Allgemeine Erfahrungen und Tipps
- Unterkunft: Die Uni stellt je nach Studiengang Dormzimmer auf beiden
Campus zur Verfügung. Die Kosten für Einzel- oder Doppelzimmer liegen
jedoch auf selben Niveau wie WG Zimmer außerhalb des Campus. Der
Vorteil des Campuslebens ist sicher ein schnellerer Kontaktaufbau mit den
Kommilitonen, günstigere Essenpreise durch die Mensa und Zeitersparnisse
durch den Wegfall des Pendelns. Ich persönlich habe mich für ein WG
Zimmer entschieden und konnte so viele nicht univerwandte Kontakte
knüpfen. Zudem hat man den Vorteil einer eigenen Küche, eines
Kühlschranks und einer persönlichen Note des Zimmers. Die
Wohnheimszimmer habe ich als sehr ungemütlich und funktional
wahrgenommen. Infos zum Bewerbungsverfahren für Dormzimmer erteilt die
Gastuniversität nach Erhalt der Annahmebescheinigung. WG Zimmer Suche
läuft
fast
ausschließlich
über
folgendes
Stadtportal:
http://www.smartshanghai.com/housing/shared-apartments/
- Finanzielles:
- Mit 800 Euro (inklusive Unterkunft und Lebenskosten) kann man in Shanghai
im Monat über die Runden kommen. Für die volle Zeit des Semesters)fünf
Monate) würde ich nichts desto trotz mit 5000 Euro kalkulieren. Die Eröffnung
eines Bankkontos ist möglich, ist jedoch nicht nötig. Die deutsche DKB bietet
Studenten kostenlose VISA Karten, mit denen man bargeldlos weltweit Geld
abheben kann. Damit hatte ich nie Probleme.
- WeChat: Ladet Euch die Chat-App WeChat auf Euer Smart Phone. Hierüber
läuft in der Regel alle Kommunikation. Auch die Studiengangsadministration
hat über WeChat mit uns kommuniziert
- Visaangelegenheiten: Studentenvisa (X2) werden seit kurzem nur noch mit
einmaliger Einreise gewährt. Es ist jedoch ohne weiteres möglich, bei der
Shanghaier Einwanderungsbehörde (in Pudong) einen zusätzlichen Eintritt zu
beantragen. Benötigt werden hierfür mehrere Dokumente des Visabüros der
Uni, ein Mietvertrag und eine Bestätigung des Wohnstatus von der Polizei.
Der ganze Vorgang sollte etwa zwei Wochen dauern und kostet eine
Bearbeitungsgebühr. Danach: Happy Travels!
- Reisen innerhalb der Semesterzeit: Sind möglich. Man darf in der Regel
zwei Veranstaltungen fehlen. Einige Dozenten haben uns sogar animiert, die
Zeit auch zu nutzen, um China außerhalb Schanghais zu entdecken. Neben
dem Dozenten muss man auch der Studiengangskoordination Bescheid
geben.
- Shanghai Library: Unser Studiengang bot zwar einen eigenen Lern- und
Arbeitsraum, mein Tipp zum konzentrierten Arbeiten ist jedoch die Shanghai
Library, die nur eine Station mit der Line 10 vom Xuhui Campus entfernt liegt.

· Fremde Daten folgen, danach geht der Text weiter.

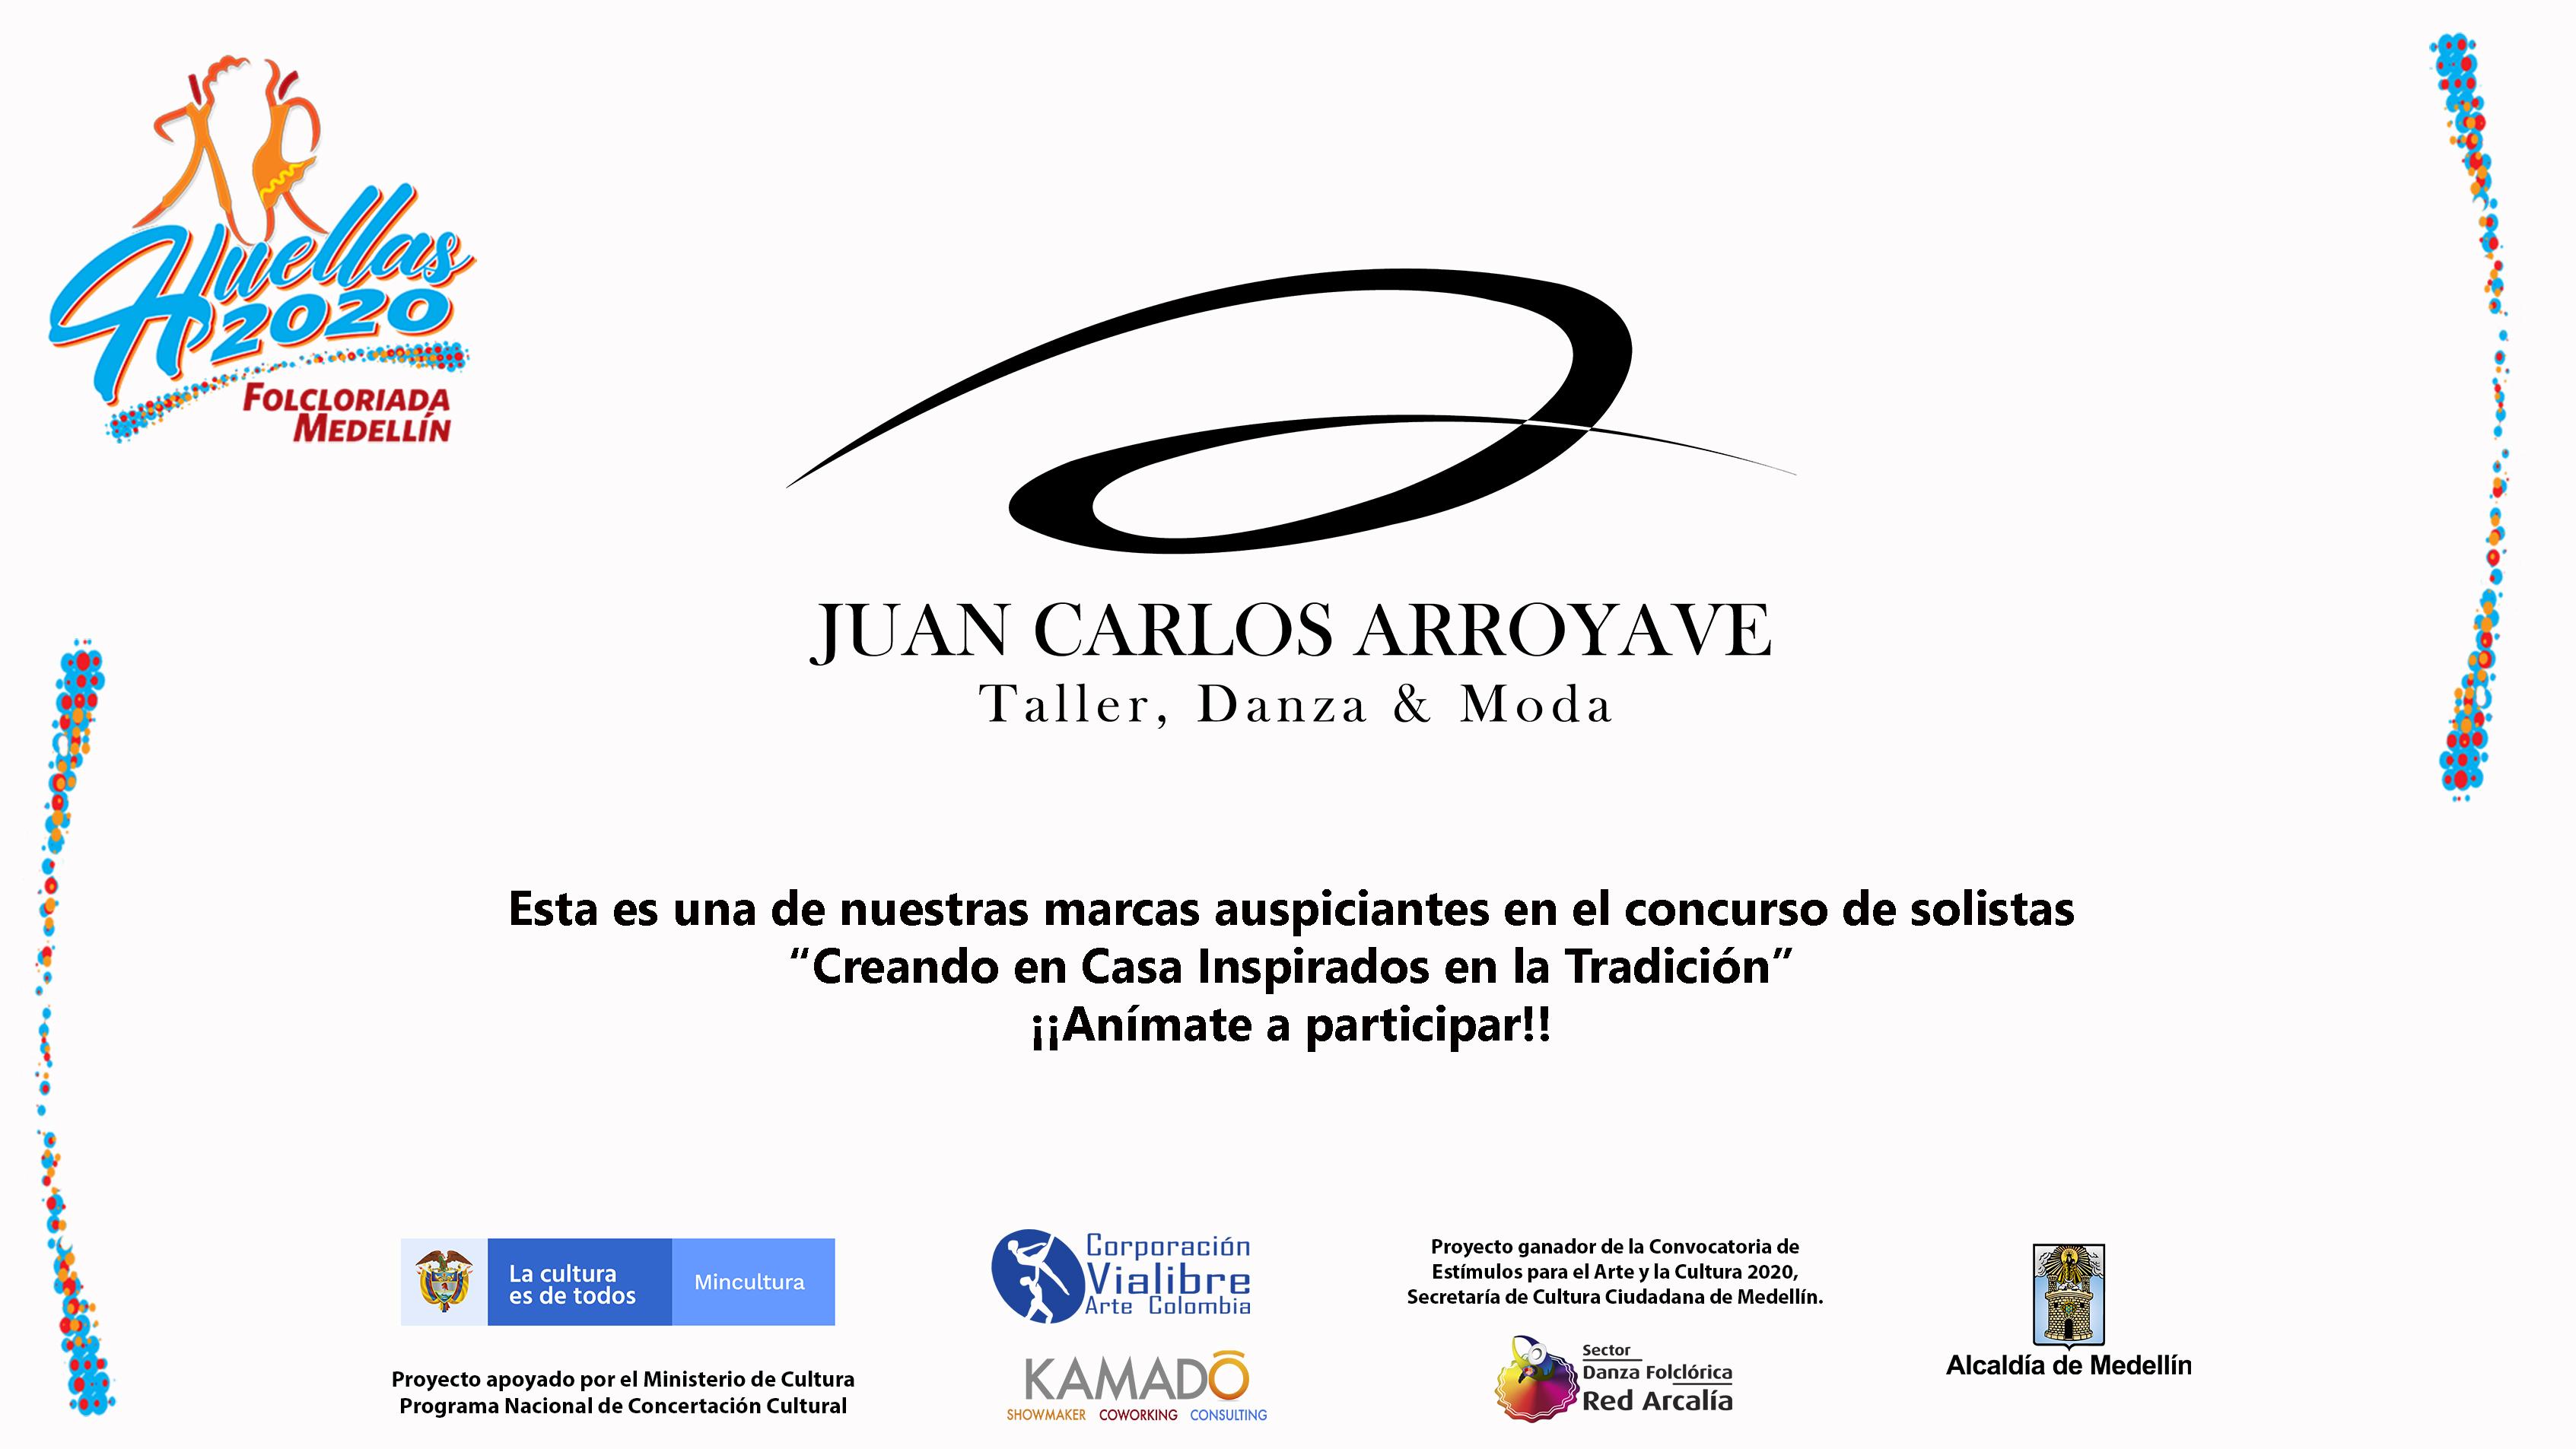 Juan Carlos Arroyave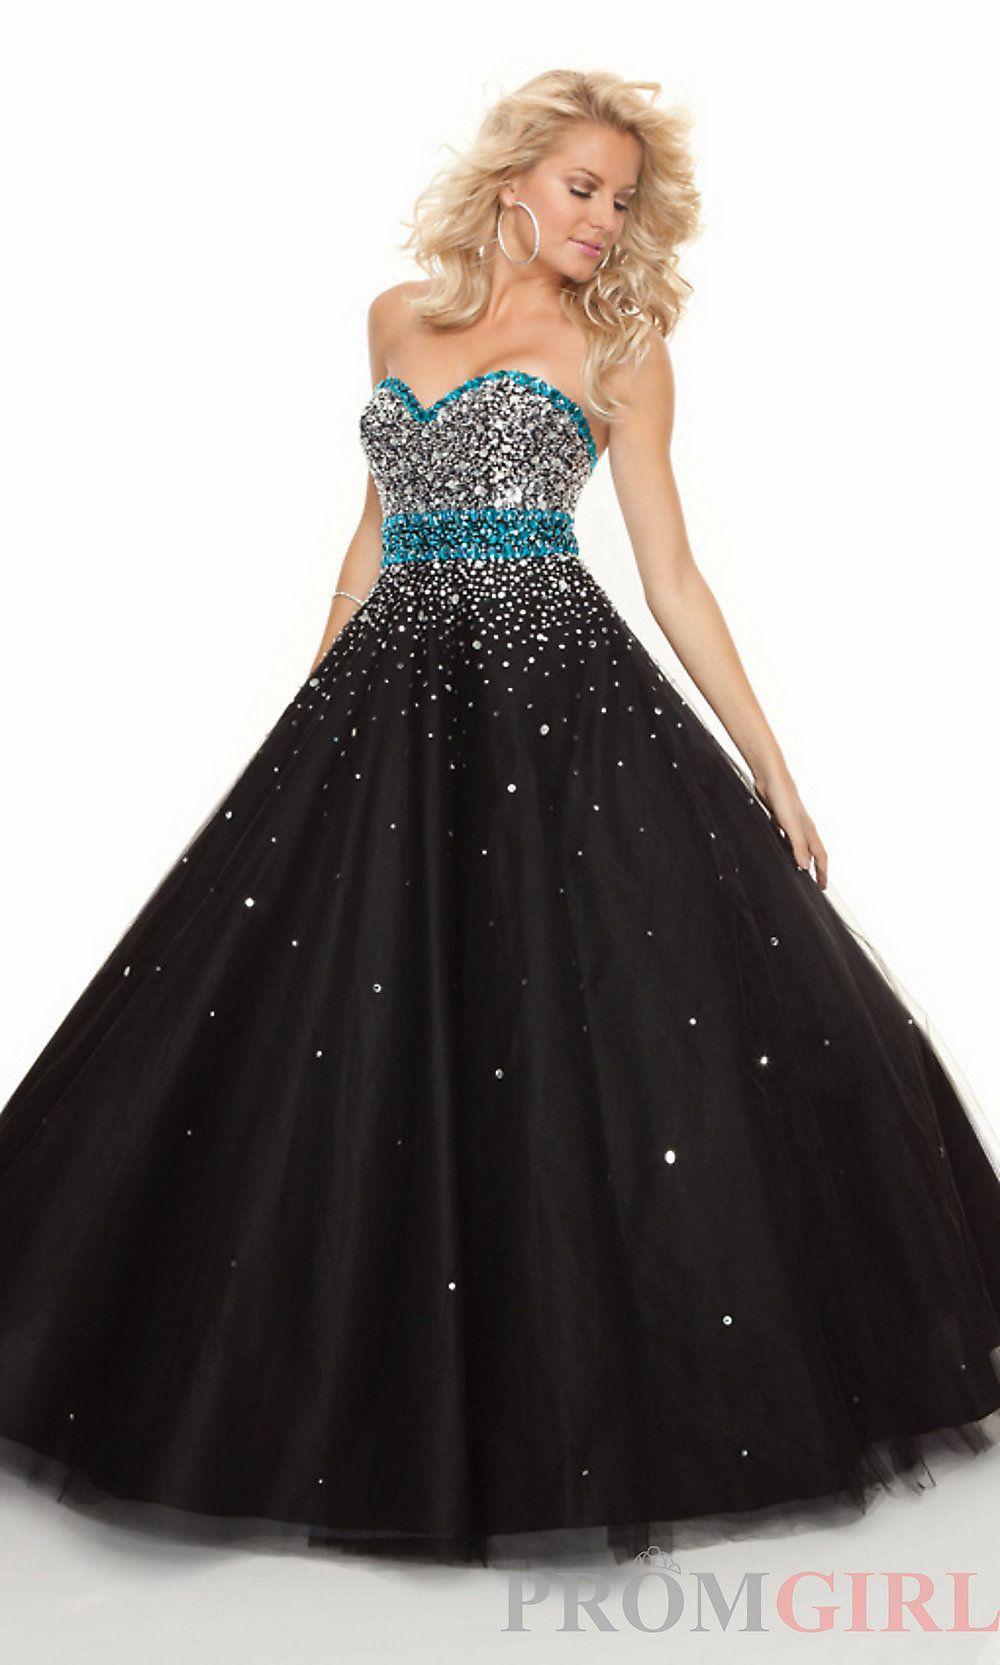 Ball gown dresses for girls beaded black ball gowns mori lee

Der vierte Stock bietet eine große Auswahl ausländischer Fachliteratur, Copy-
-
-
Center und gemütliche Arbeitsplätze. Der Leseausweis ist kostenlos und
erfordert nur das Mitbringen des Reisepass.
Internetzugang: Internetzensur erlebt man in Shanghai hautnah. Richtet
Euch dringend vor Anreise den VPN Client der Uni Bremen ein, mit dem ihr
(auf Kosten der Geschwindigkeit) die meisten Internetsperren umgehen
könnt. Ohne VPN sind google, Facebook und co. gesperrt.
Essen: Schanghais Küchen lassen eigentlich keine Wünsche offen. Wenn
man sich jedoch ab und an mal nach frischem deutschem Brot sehnt, ist die
Bäckerskette „Abendbrot“ die mit Abstand beste Wahl. Es schmeckt wirklich
wie zu Hause!
Fazit
China ist ein Abenteuer das einen zuweilen inspiriert, zuweilen verwirrt und zu
weilen auch überfordert. Aufgrund meines Schwerpunkts im Studium auf
aufstrebende Volkswirtschaften war mein Semester eine tägliche Inspirationsquelle.
Die sprachlichen, kulturellen und nicht zuletzt kulinarischen Unterschiede zu
Deutschland sind enorm, machen das Land aber auch gerade deshalb zu einem
faszinierenden Ort. Einige Tage werden einen frustrieren, andere Tage hingehen
sehr beglücken. Auch deshalb ist China ein Land der Extreme. Ich möchte die
Erfahrungen daher unter keinen Umständen missen und kann mir im Nachhinein
eine professionelle Verbindung zu China im Berufsleben sehr gut vorstellen.